Ted Vasin @ Limn Art Gallery
by Andy Richie
ArtSlant San Francisco
June 9, 2008
Limn, from the furniture store fronting Townsend to the galleries in the rear, exudes an intimidating virtuosic wonder. I felt a bit blunt when I entered, like playing Operation at a kegger. Fearing I’d disturb the sleekness and polish oozing everywhere, I caught myself lowering my voice, even breathing softly to preserve the entropy-defying state of fineness witnessed. Bring your diazepam. The artist Ted Vasin commandeered one of the two gallery wings, and to his credit broke the silence, literally. To alter the effect of his dozen-or-so paintings, which can be as amorphous as the brushwork, Vasin performed live electronic music at the opening in the gallery’s center, leaving his paintings the unlikely wallflowers. Following the opening, until the terminus of the exhibit, a prearranged droning soundtrack by Vasin will fill the gallery omnidirectionally. But what of his paintings?
As a painter, Ted Vasin has a CAD-like grasp of modeling, appropriate for a gallery that aspires to bridge art and design. That his screaming talent is delineable through the warp of abstraction he creates tells you what a reservoir he taps. His two portraits notwithstanding, the only recognizable depictions are little pink dicks in one piece by the office—apparently I have pareidolia for the Superbad set.

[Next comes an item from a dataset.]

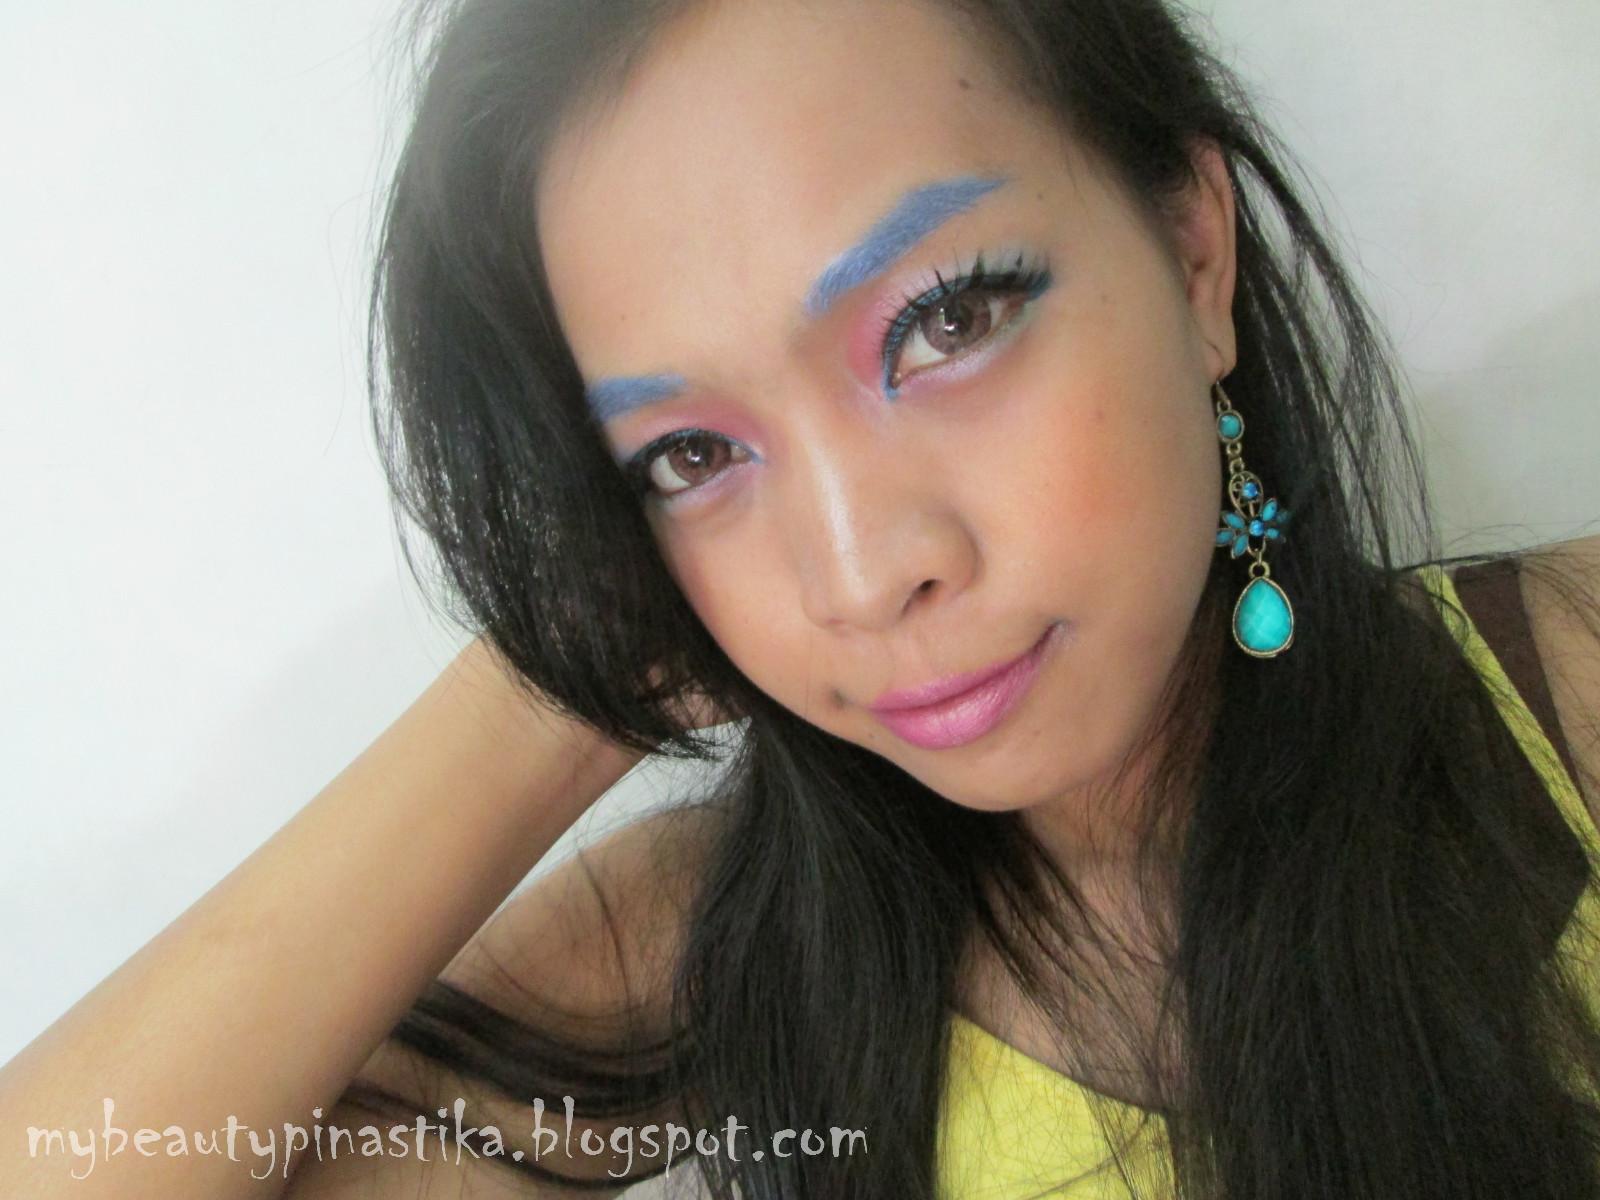 Pinastika Beauty Blog ♔: FOTD : Color Pop Make Up
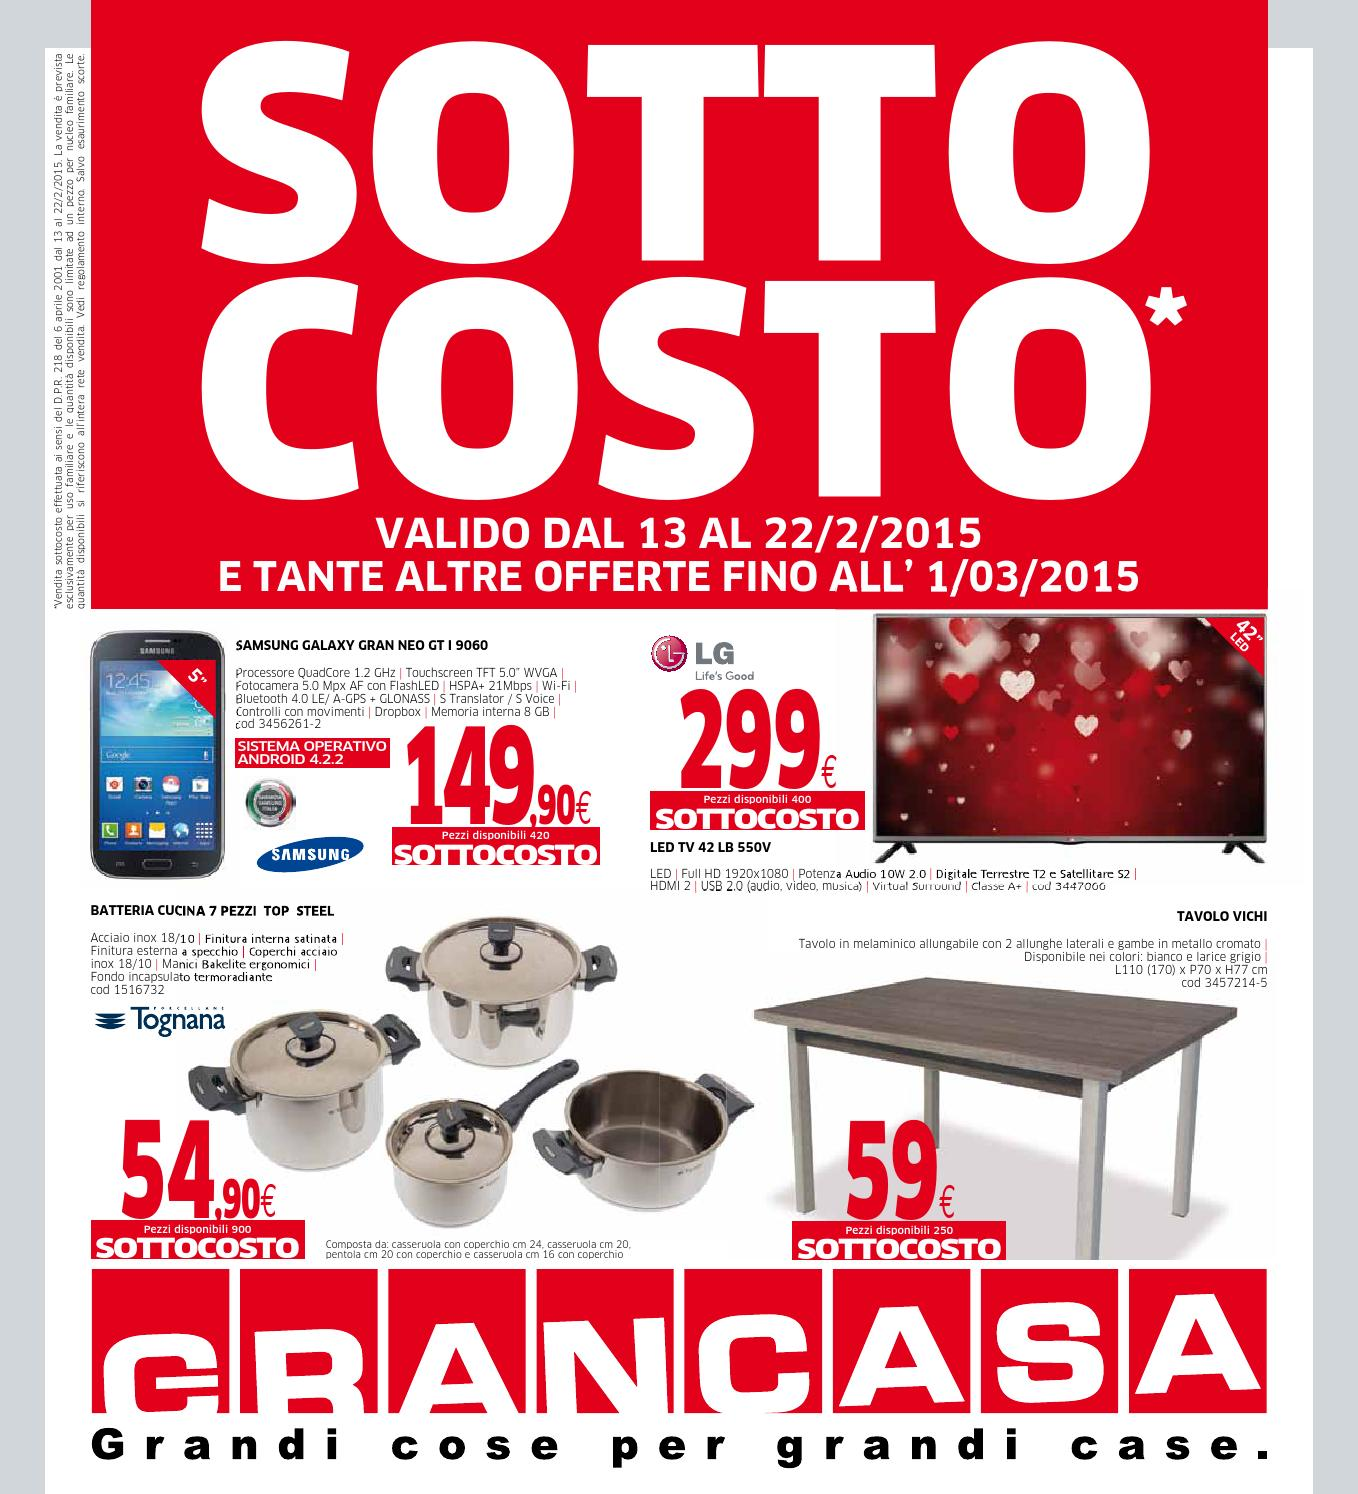 Grancasa 22feb by volavolantino issuu - Grancasa catalogo ...

Although unrecognizable, his painted forms are somehow tangible and feel very “concept,” like industrial design with bad math.
Originally, glass blowing seemed the clearest metaphor for his translucent pearls of paint, but now I can do one better: jets of liquid in zero gravity. Yet, these jets loop and zip as if part of this world. It is disappointing, then, that although flow and dynamism dominate his work, Vasin’s compositions lose speed up close. Colors are tightly and evenly brushed and rarely, if ever, touch or overlap—easy to tell through the translucent washes. In other words, I wouldn’t call Ted Vasin a painter’s painter, but he is absolutely an illustrator’s painter.
Faint pencil outlines mark the edges of rectilinear panes on the canvas, and I have no reason to think that the outlines stop underneath the paint—everything here appears rigorously planned. The compositions amusingly (unintentionally?) come off like the trials of an intermediate Photoshop user, blown up to near-billboard dimensions and spread, at times, across two or three canvases butted together. The design-savvy crowd that frequents Limn will have to suspend their evocations of pinch, pucker, skew, posterize, and color channel manipulation—or laugh along.
Accuse Vasin of paint-by-number pictures with limping vitals, but at its best his work induces a kind of superflat vertigo, as if Murakami and Rosenquist works blew up on canvas, then the canvas followed suit. His use of negative space is pocked with brilliant description, and opaque shapes joust for attention with the translucent rings and ribs. Applause is extended for his refreshing lack of irony; if any statement is being made, it’s in the gesture of creating.